本田技研工業からトヨタ自動車への転職は、結論から言えば「可能だが難易度は高い」というのが実態です。

 

同じ完成車メーカーであるからこそ評価されやすい経験がある一方、競合関係ゆえの制約も多く、対策なしでは通過が難しい領域でもあります。

 

ここでは、難易度の理由と実際の転職傾向を具体的に解説します。

同業大手間の転職はなぜ難しいのか

完成車メーカー間の転職が難しい最大の理由は、「専門性の高さ」と「競合関係」にあります。

 

ホンダとトヨタはともに世界トップクラスの自動車メーカーであり、研究開発・生産技術・品質管理などの領域で高度なノウハウを蓄積しています。

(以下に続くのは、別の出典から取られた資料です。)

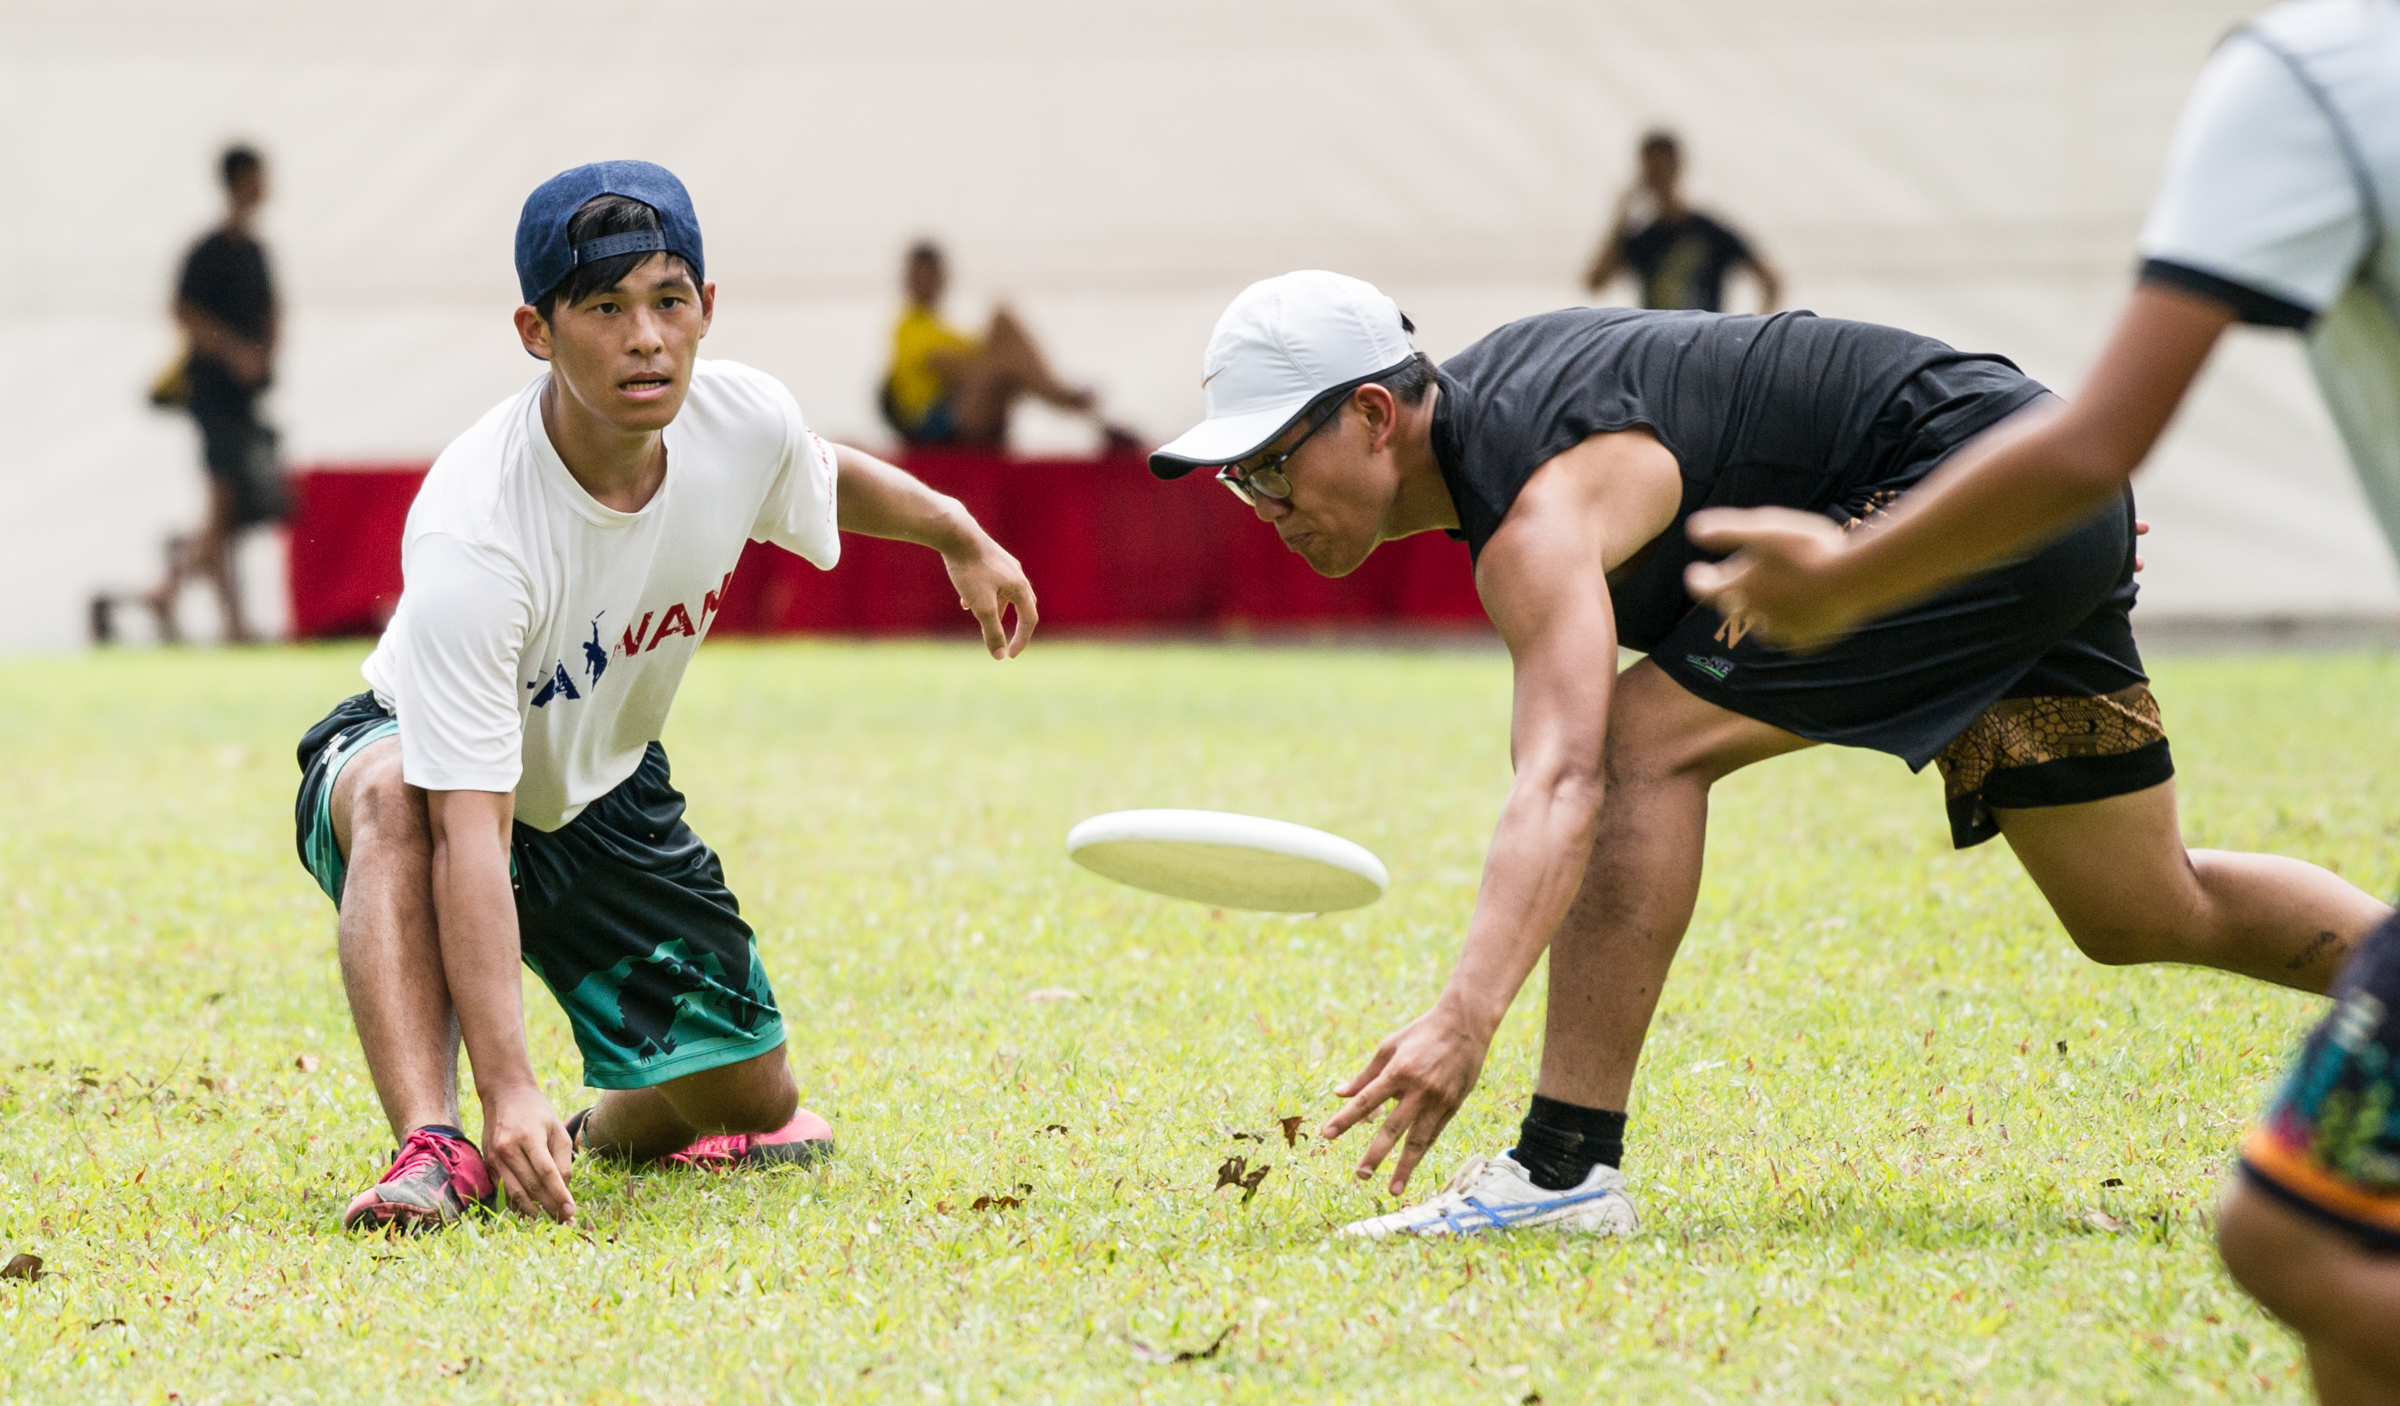 A player passes a frisbee past an opponent during a friendly at Ang Mo Kio Central.

そのため、単なる業界経験だけでは差別化が難しく、「どの分野でどんな成果を出したか」が厳しく問われます。

 

また、守秘義務やや情報管理の観点から、面接では前職の技術情報をどこまで話せるかが慎重に見られ、コンプライアンス意識の低さはマイナス評価につながります。

企業側もリスクを避けるため、採用には慎重になる傾向があります。

 

さらに中途採用では、即戦力となる専門スキルが重視されます。

具体的には、車両設計、パワートレイン開発、生産技術、ソフトウェア制御(CASE領域)などの経験が評価されやすく、抽象的な業務経験だけでは通過が難しいのが実情です。

トヨタの中途採用比率と求める人材像

トヨタは近年、事業環境の変化に伴い中途採用を拡大しています。

 

ただし、あくまで中心は即戦力採用であり、ポテンシャル採用は限定的です。

 

求められる人材像としては、単なる技術力だけでなく「プロジェクトを前に進める力」が重視されます。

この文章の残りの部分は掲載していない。